Crawl Demand describes how important your website is to Google and depends on the popularity of your site. For example, if your site has few backlinks or outdated content, Google may find it less interesting and not use the maximum crawl rate that would be technically possible.

In summary, the term crawl budget thus describes the number of URLs on your website that Googlebot can crawl from a technical point of view and also wants to crawl from a content perspective.

Factors that negatively impact crawl budget

Your website’s crawling and indexing can be negatively affected by various factors such as:

  • Faceted Navigation: This type of navigation is often used in online shops. It enables users to limit results on a product category page based on criteria such as color or size. For this purpose, URL parameters are added to the respective URL:

    Faceted Navigation

    Screenshot of microsoft.com

    In the example above, the results are restricted to the Action/Adventure genre by adding the parameter &genres=Action%2FAdventure to the URL. This creates a new URL that wastes crawl budget because the page does not provide any new content but only shows an extract of the original page.

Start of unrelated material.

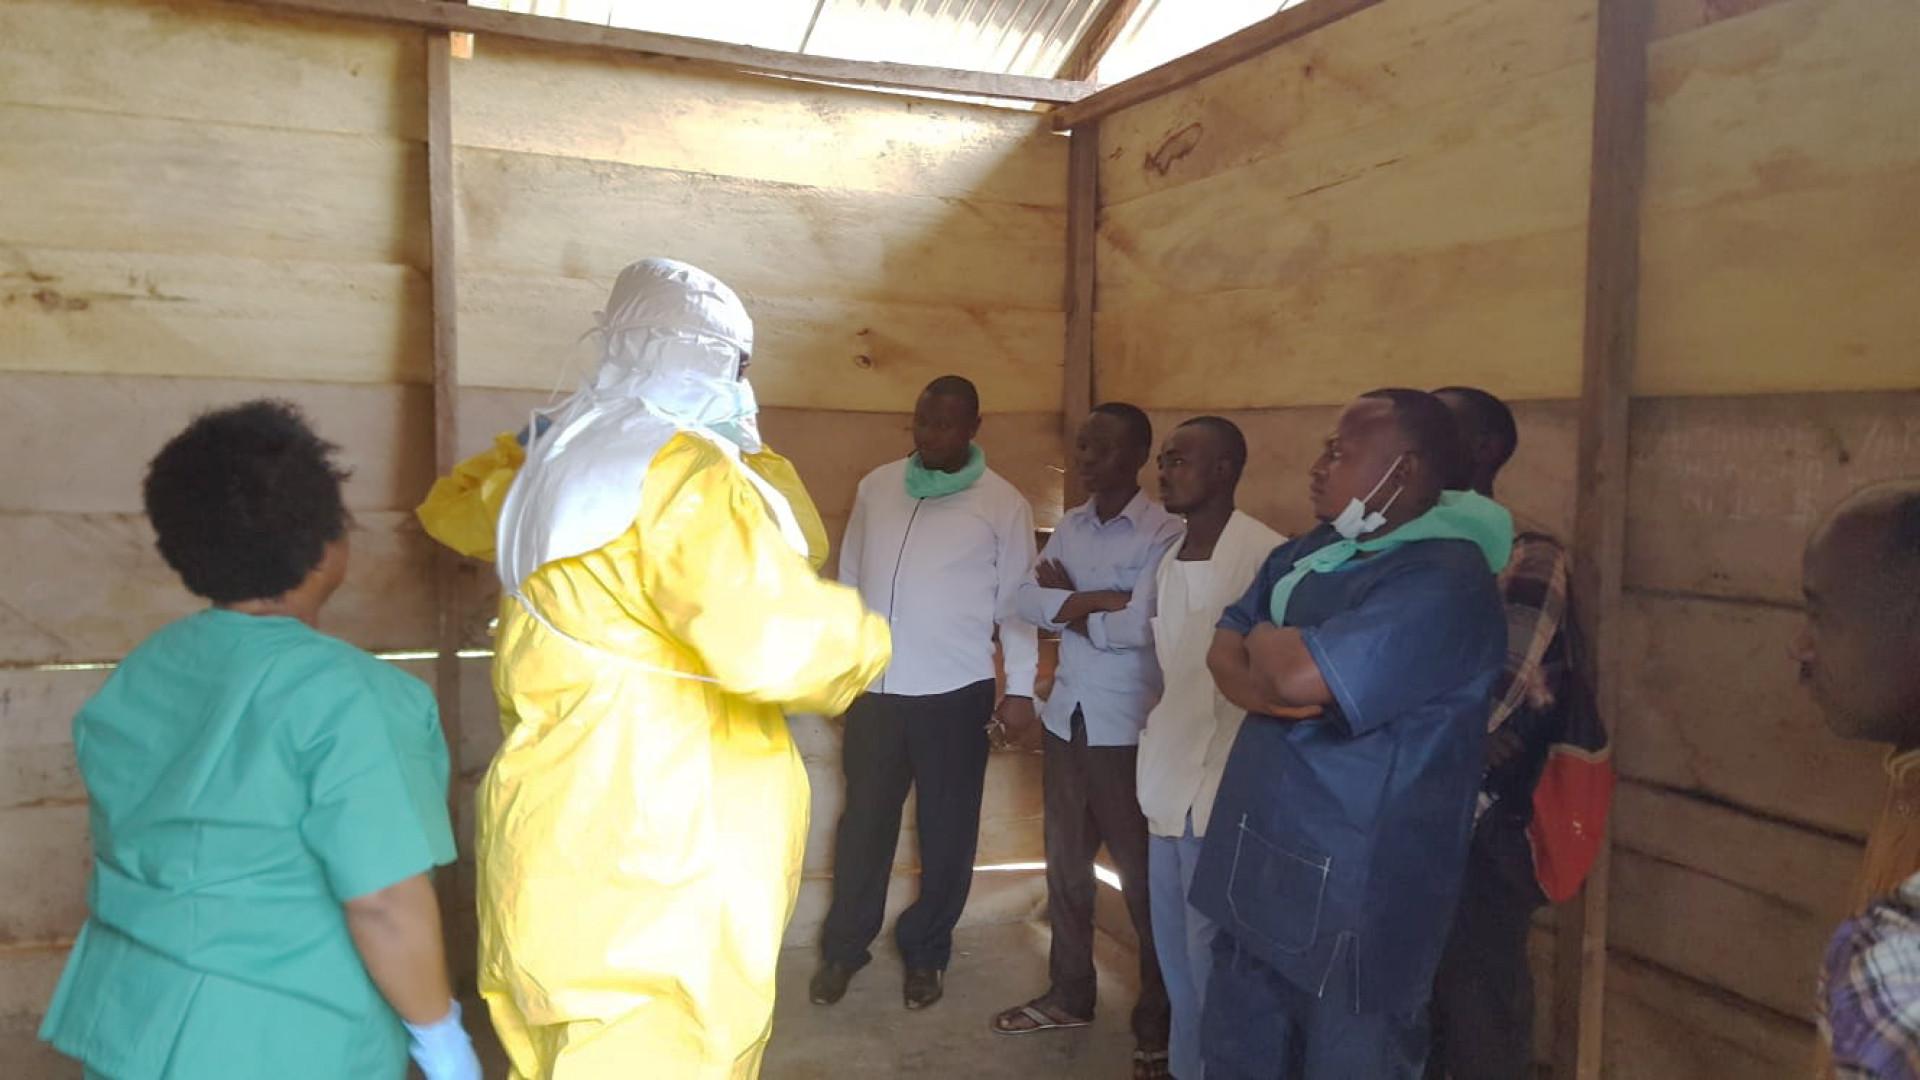 Novo surto de Ébola na RD Congo com 22 casos confirmados

  • Session IDs in URLs: Session IDs should no longer be used as they create a massive amount of URLs for the same content.

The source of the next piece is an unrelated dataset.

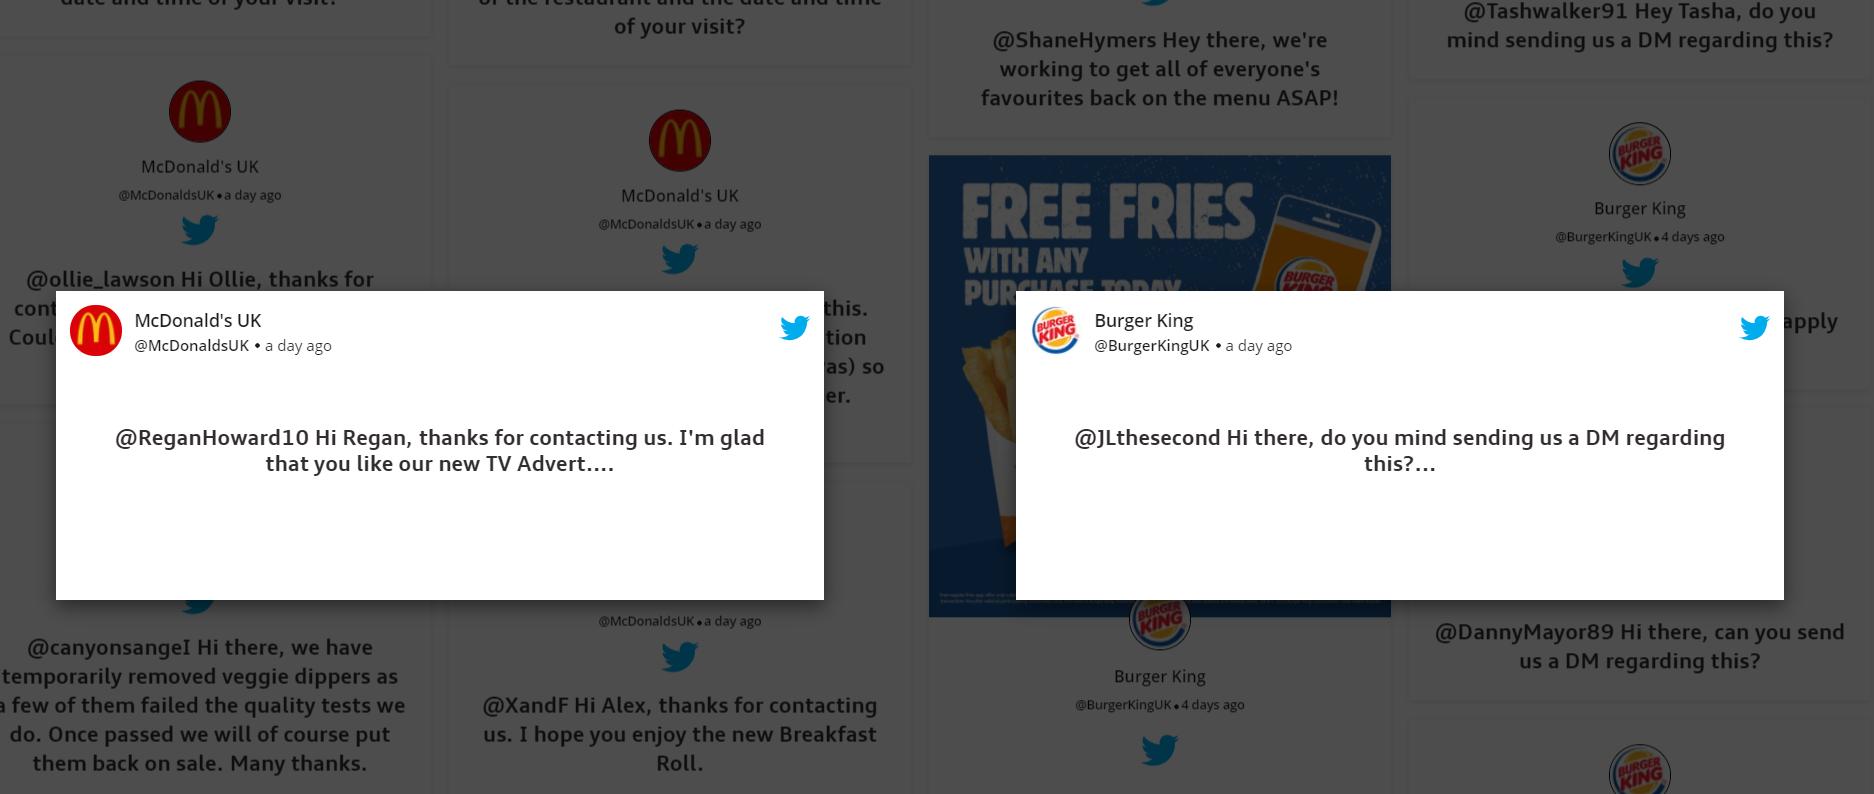 McDonald's vs burger king

  • Duplicate Content: If multiple pages have the same content, Google has to crawl many URLs without finding any new content. Thereby resources are wasted that could be used for relevant and unique content on other pages.

  • Soft Error Pages: These are pages that can be retrieved (as opposed to 404 error pages) but do not provide the content you want. The server returns the status code 200, but can not access the actual page content.

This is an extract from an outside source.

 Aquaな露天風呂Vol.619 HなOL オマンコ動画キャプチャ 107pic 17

  • Hacked Pages: Google always wants to provide its users with the best results possible, and manipulated pages are definitely not one of them. Therefore, if Google detects such pages on your website, it stops crawling.

  • Infinite Spaces: Infinite spaces can arise, for example, if there’s a calendar with a “next month” link on your site as Google can keep following this link forever:

    Infinite Spaces

    Screenshot of amnh.org

    As you can see in this example, each click on the right arrow creates a new URL. Google could follow this link forever which would create a huge mass of URLs that Google has to retrieve one by one.

  • Content of low quality (thin content) or spam content: Google doesn’t want to have such pages in its index and therefore stops crawling when such content appears on your site.

  • Redirect chains: If you set a link to a page that redirects to another page, Googlebot has to call multiple URLs until it gets to the actual content. Google does not follow the redirects immediately but treats them as individual pages, which wastes crawl budget.

  • Cache Buster: Sometimes resources, such as CSS files, have names like style.css?2345345. The parameter that’s added with a question mark is generated dynamically each time the file is called in order to prevent the file from being cached by web browsers. However, this also leads to Google finding a high number of such URLs and retrieving them individually.

  • Missing redirects: If general redirects for www. and non-www, as well as http and https, are not set up correctly, this will cause the number of URLs that can be crawled to double or even quadruple. For example, the page www.example.com would be available under four URLs if no redirect was configured:

    http://www.example.com
    https://www.example.com
    http://example.com
    https://example.com

  • Poor pagination: If you have pagination where there are only buttons to click back and forth (i.e. no page numbers), Google has to retrieve a large number of pages in order to capture the pagination completely. Therefore, you should use pagination like this instead:

    Pagination

    Screenshot of zaful.com

    Here, Googlebot can directly navigate from page 1 to the last page and get a quick overview of all pages that have to be crawled.

If one or more of the factors described above apply to your website, you should definitely perform crawl budget optimization. Otherwise, there’s the danger that Googlebot won’t index pages on your website that offer high-quality content because it’s too busy crawling irrelevant pages.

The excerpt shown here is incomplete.